Les conditions de travail sont très dures. On travaille très souvent au froid, même si cela dépend aussi du département dans lequel on se trouve. On est protégé par des vêtements particuliers, des bottes, etc., mais le froid c’est le froid.

Comment le travail était-il organisé?

Normalement, on commençait le travail à 04h00 du matin et on arrêtait lorsque les commandes étaient remplies, en fonction donc aussi de la rapidité des gens. S’il y avait beaucoup de production de poulet, on ne tenait pas compte des horaires. La fin du travail sonnait avec le dernier poulet tué. Si une panne se produisait, il y avait interdiction de sortir et on devait attendre la réparation des machines. Et dans ces cas, même si on avait commencé à 04h00 du matin on terminait à 18h00, selon les besoins de la production.

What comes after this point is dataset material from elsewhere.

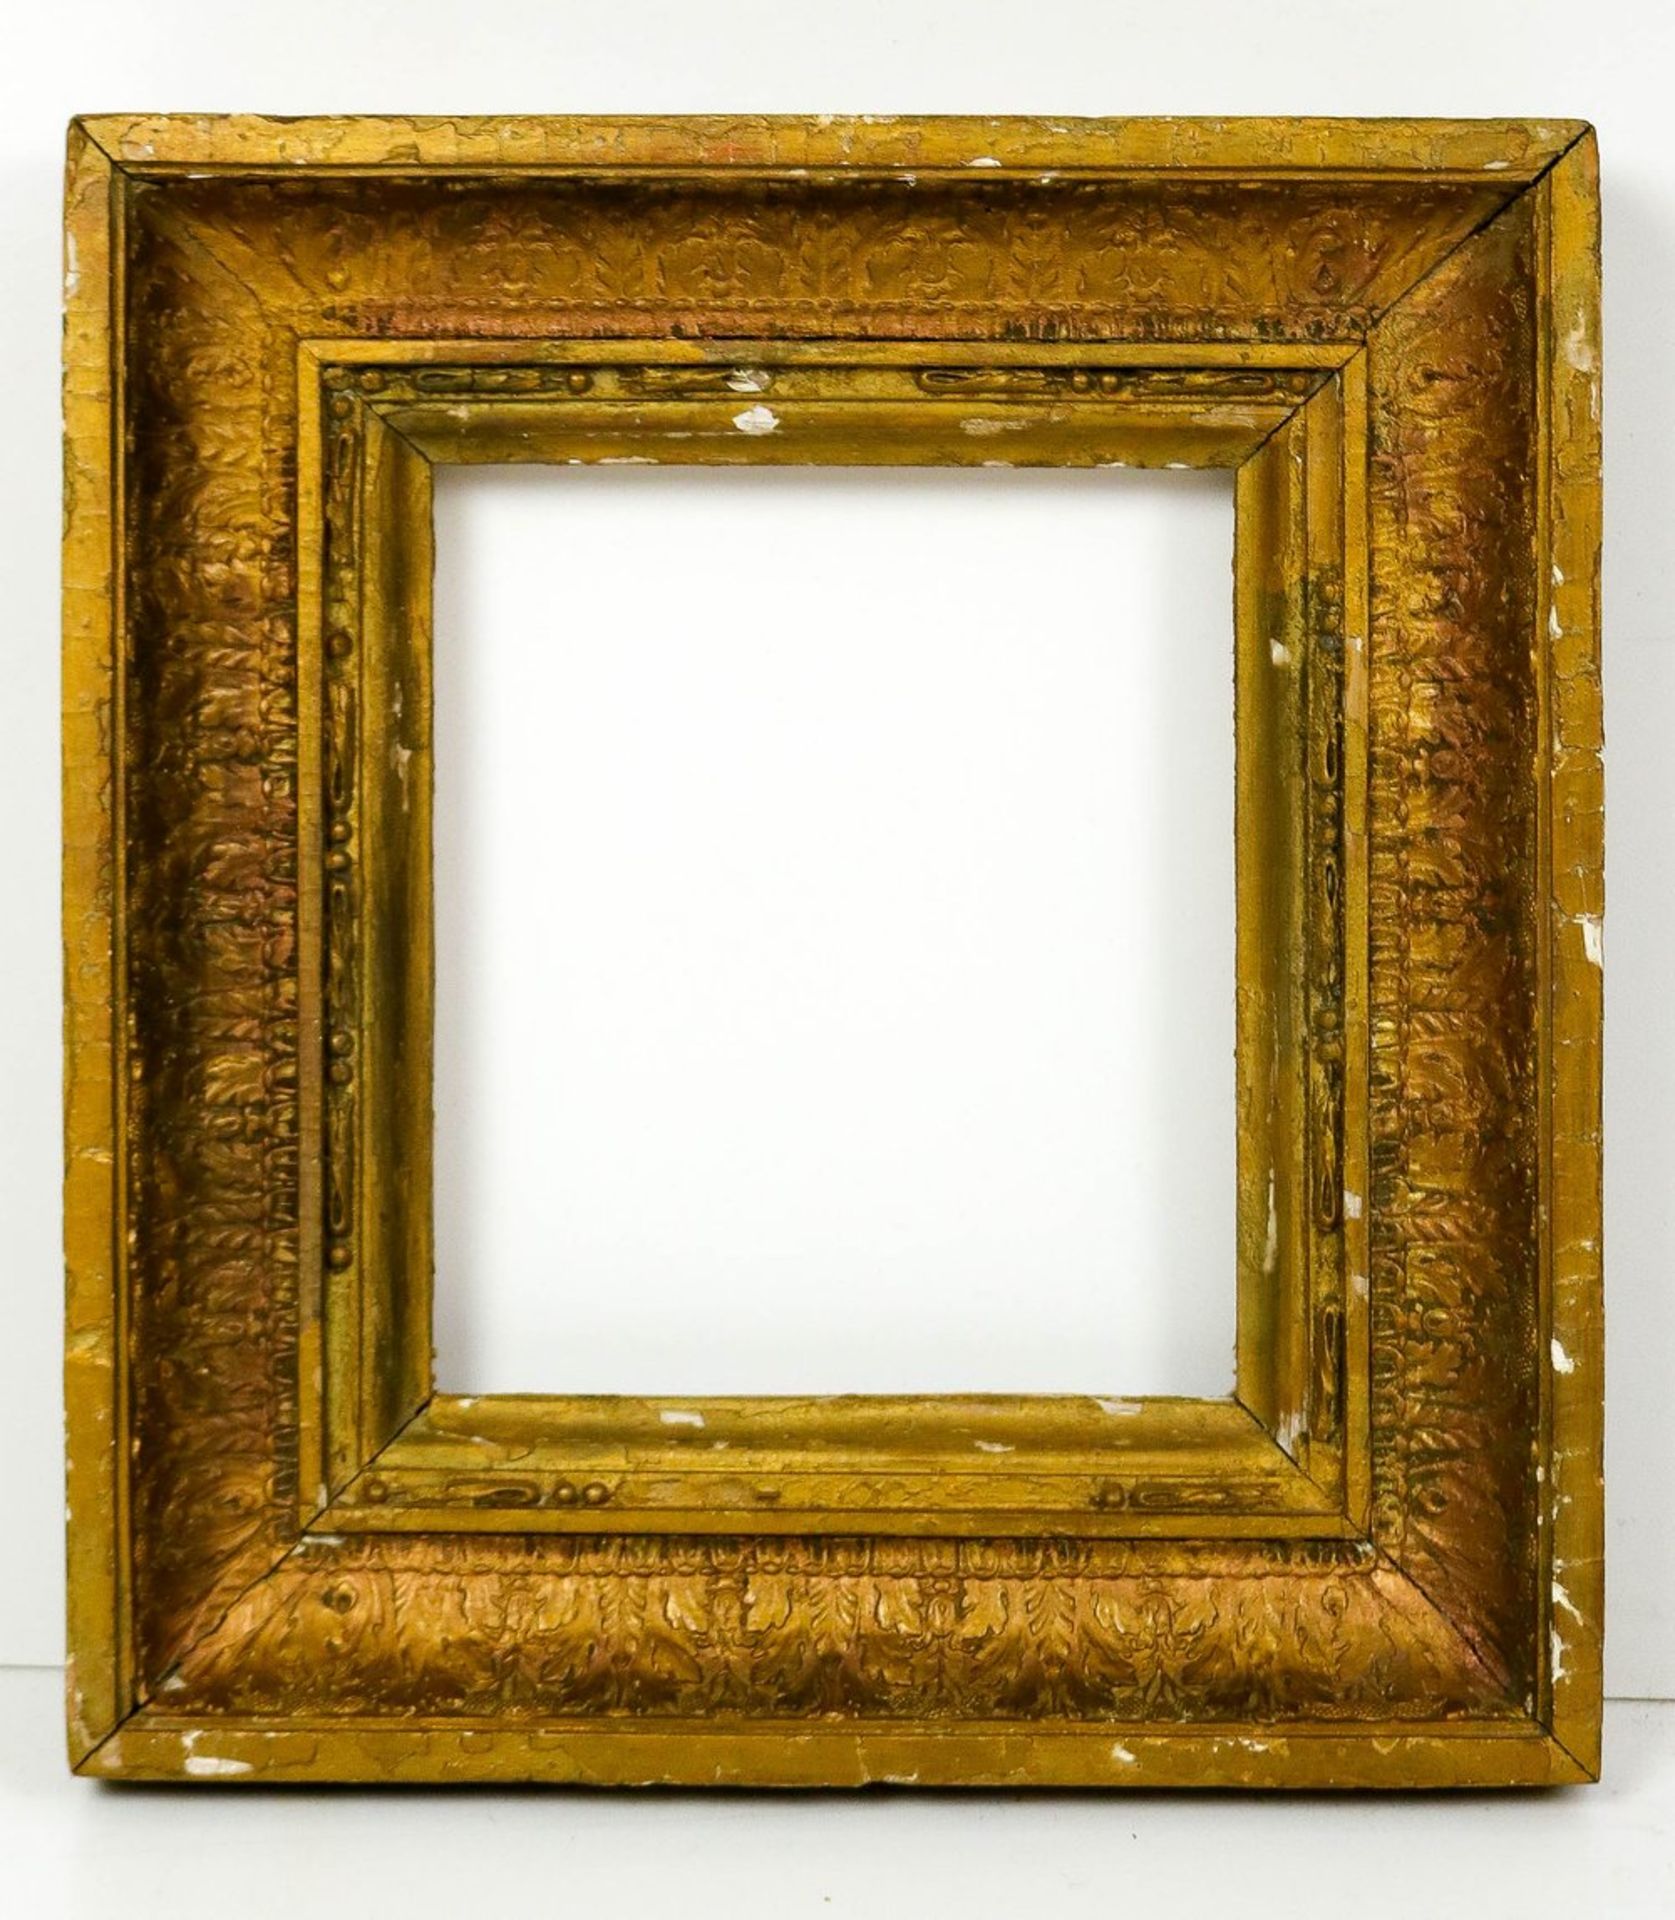 Rahmen im Barockstil Holz geschnitzt mit Stuckauflage vergoldet. Vorgekehlte Doppelrahmu - Bild 6 aus 6

Habituellement, on travaillait 10 ou 11 heures par jour. C’était l’horaire normal. Des fois on travaillait aussi 12 heures. Il arrivait aussi, plus rarement, d’avoir des journées de 14 heures. C’est la production qui détermine l’horaire. En tout cas, on n’a jamais travaillé moins de 9 heures. Si certains jours il y avait moins de commandes, on terminait le travail plus tôt. Dans ce cas, ce sont les travailleurs qui ont fait beaucoup d’heures qui sont renvoyés à la maison. Cela parce que les heures supplémentaires ne sont pas payées. Elles sont compensées avec des "vacances" forcées. A la fin de la journée de travail, le chef peut me dire que demain je dois rester à la maison. Des fois même, j’arrive le matin au boulot et le chef me communique qu’aujourd’hui je ne peux pas travailler et que je dois donc retourner chez moi. C’est clair qu’il s’agit de "vacances" qui ne sont pas rémunérées. Le chef veut casser les heures supplémentaires accumulées, sans les payer.

Il y a beaucoup de travailleurs avec des statuts précaires chez Optigal?

La plupart du personnel d’Optigal est composé de personnes avec des permis précaires. Ces personnes deviennent quasi toujours des sans-papiers. Souvent les précaires, lorsqu’ils travaillent encore avec un permis, ont déjà leur sort déterminé, dans le sens qu’à la fin du mois ils seront des sans-papiers. Le personnel est formé par des Espagnols, des Portugais, des Turcs, des Africains, des Kosovars. Les Suisses sont très minoritaires: ils sont essentiellement chefs de département.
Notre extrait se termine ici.